Topics	Time	Speakers	Learning outcomes	Reference 1	Reference 2	Reference 3
Transformer	10.30-12.00, 31.07.2024, Wednesday	Ziqi kang , Download Slides, View recorded presentation	Understand the high-level structure of the Transformer model, including the encoder and decoder components. Grasp the purpose of self-attention mechanisms and how they differ from traditional recurrent neural networks (RNNs) and convolutional neural networks (CNNs). Explore advanced variants of the original Transformer architecture, such as BERT, GPT, and T5, and understand their specific improvements.	Attention is All You Need This paper was the foundation for LLMs with the introduction of the Transformer architecture.	The Annotated Transformer This paper present an annotated version of the above paper in the form of a line-by-line implementation. This document itself is a working notebook, and should be a completely usable implementation.	A Comprehensive Analysis of T5, BERT, and GPT This article introduces early NLP techniques: word embeddings and compares T5, BERT and GPT models.
Large Language Models	10.30-12.00, 07.08.2024, Wednesday	Lauri Seppalainen , Guanghan Wu . Slides: Part 1 , Part 2 . View recorded presentation	Define large Language Models (LLMs) and describe LLM Use cases. Explain Prompt Engineering and describe Generative AI project lifecycle. Understand the scaling laws for Neural Language Models. Understand the main classification and ideas for PEFT algorithms.	Prompt Design and Engineering: Introduction and Advanced Methods This paper introduces core concepts of prompts and prompt engineering, advanced techniques like Chain-of-Thought and Reflection, and the principles behind building LLM-based agent.	Scaling Laws for Neural Language Models This paper studied empirical scaling laws for language model performance on the cross-entropy loss.	Parameter-Efficient Fine-Tuning for Large Models: A Comprehensive Survey Parameter Efficient Fine-Tuning (PEFT) provides a practical solution by efficiently adapt the large models over the various downstream tasks by minimizing the number of additional parameters introduced or computational resources required. This paper presents comprehensive studies of various PEFT algorithms, examining their performance and computational overhead.

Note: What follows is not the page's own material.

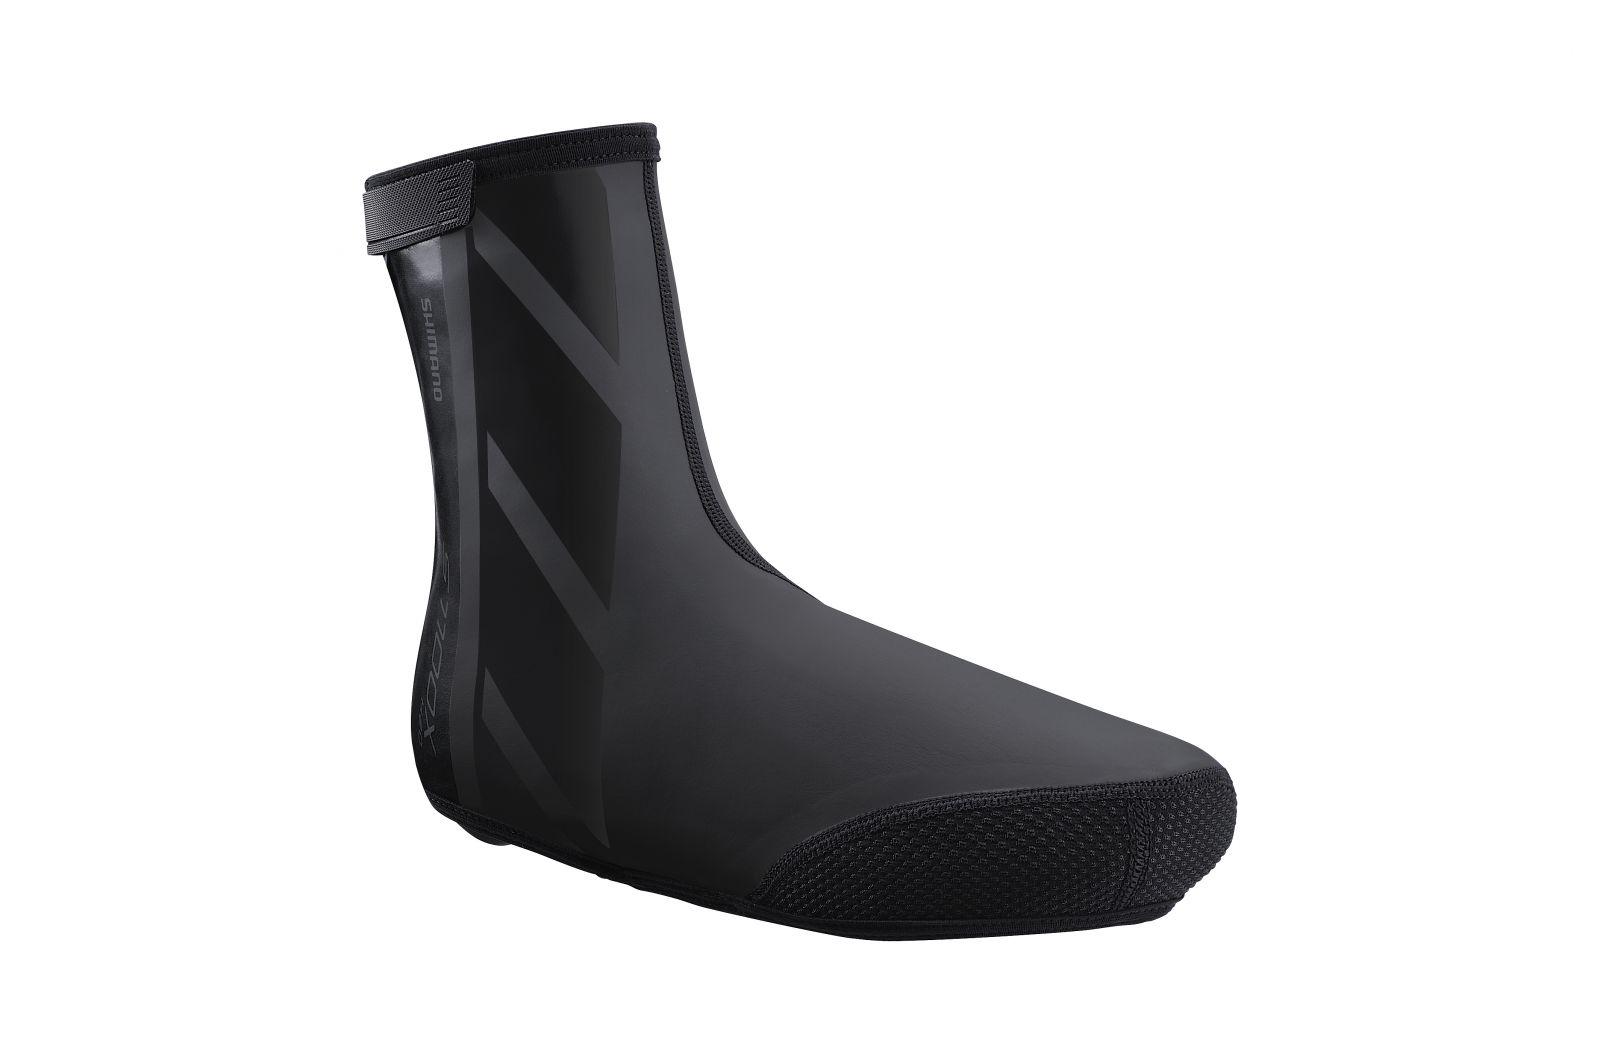 SHIMANO S1100X H2O návleky na obuv, černá, XL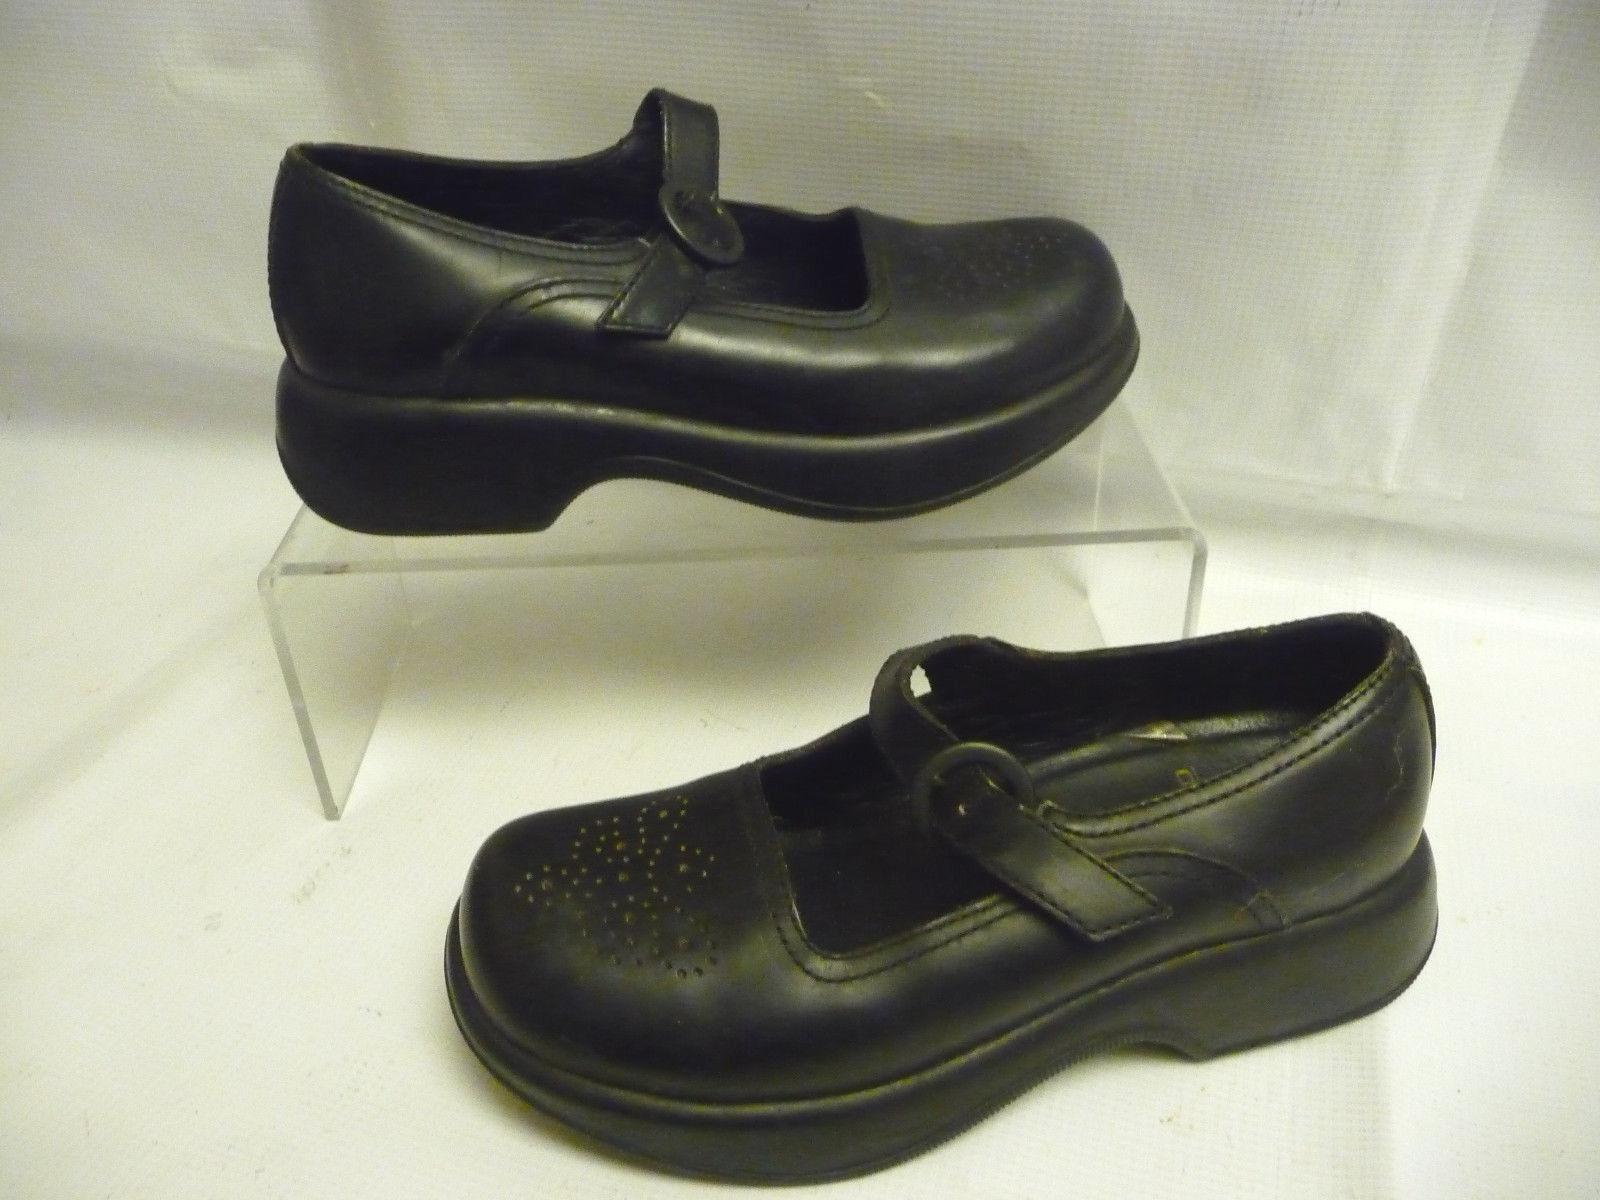 consegna veloce DANSKO Donna  nero scarpe Sz 38 8 8 8 Buckle Strap Leather Mary Jane Portugal  vendita online

Retrieval-Augmented Generation	10.30-12.00, 14.08.2024, Wednesday	Harinda Samarasekara . Download slides . View recorded presentation .	Understand the fundamental concept of Retrieval Augmented Generation, including how it combines retrieval-based methods with generative models to enhance information generation. Explain the stages of involving RAG mainly include pre-training, fine-tuning, and inference. Identify the central technologies integral to the RAG process, specifically on the aspects of retrieval, generation and augmentation. Understand different augmentation process including iterative retrieval, recursive retrieval and adaptive retrieval.	Retrieval-Augmented Generation for Large Language Models: A Survey This survey paper offers a detailedexamination of the progression of RAG paradigms for the Naive RAG, the Advanced RAG, and the Modular RAG.	Similarity is Not All You Need: Endowing Retrieval Augmented Generation with Multi Layered Thoughts This paper argues that similarity is not always the panacea for retrieval augmented generation and totally relying on similarity would sometimes degrades the performance of RAG. They propose MetRag, a Multi-layEred Thoughts enhanced Retrieval Augmented Generation framework.	LangChain Library (GitHub) - This library is aimed at assisting in the development of those types of applications, such as simple LLM, Chatbots and other Agents. You can read the documentation here
Vector databases	10.30-12.00, 21.08.2024, Wednesday	Valter Uotila and Quy Anh Nguyen. Download Slides: Part 1 , Part 2 . View recorded presentation .	Understand the concept of similarity search and how vector databases enable efficient nearest neighbor search to find similar items based on vector representations. Identify practical applications of vector databases, such as recommendation systems, voice recognition, image and video similarity search and Chatbots. Gain familiar with generating and using vector embeddings with techniques such as Word2Vec, GloVe, BERT, and other deep learning models. Understand the indexing mechanisms used in vector databases, such as HNSW (Hierarchical Navigable Small World), LSH, and IVFFlat (Inverted File with Flat quantization).	When Large Language Models Meet Vector Databases: A Survey This survey explores the synergistic potential of Large Language Models and Vector Databases.	Vector database management systems: Fundamental concepts, use-cases, and current challenges This paper provides an introduction to the fundamental concepts, use-cases, and current challenges associated with vector database management systems.	Vector Database Management Techniques and Systems This tutorial paper reviews the existing vector database management techniques for queries, storage and indexing.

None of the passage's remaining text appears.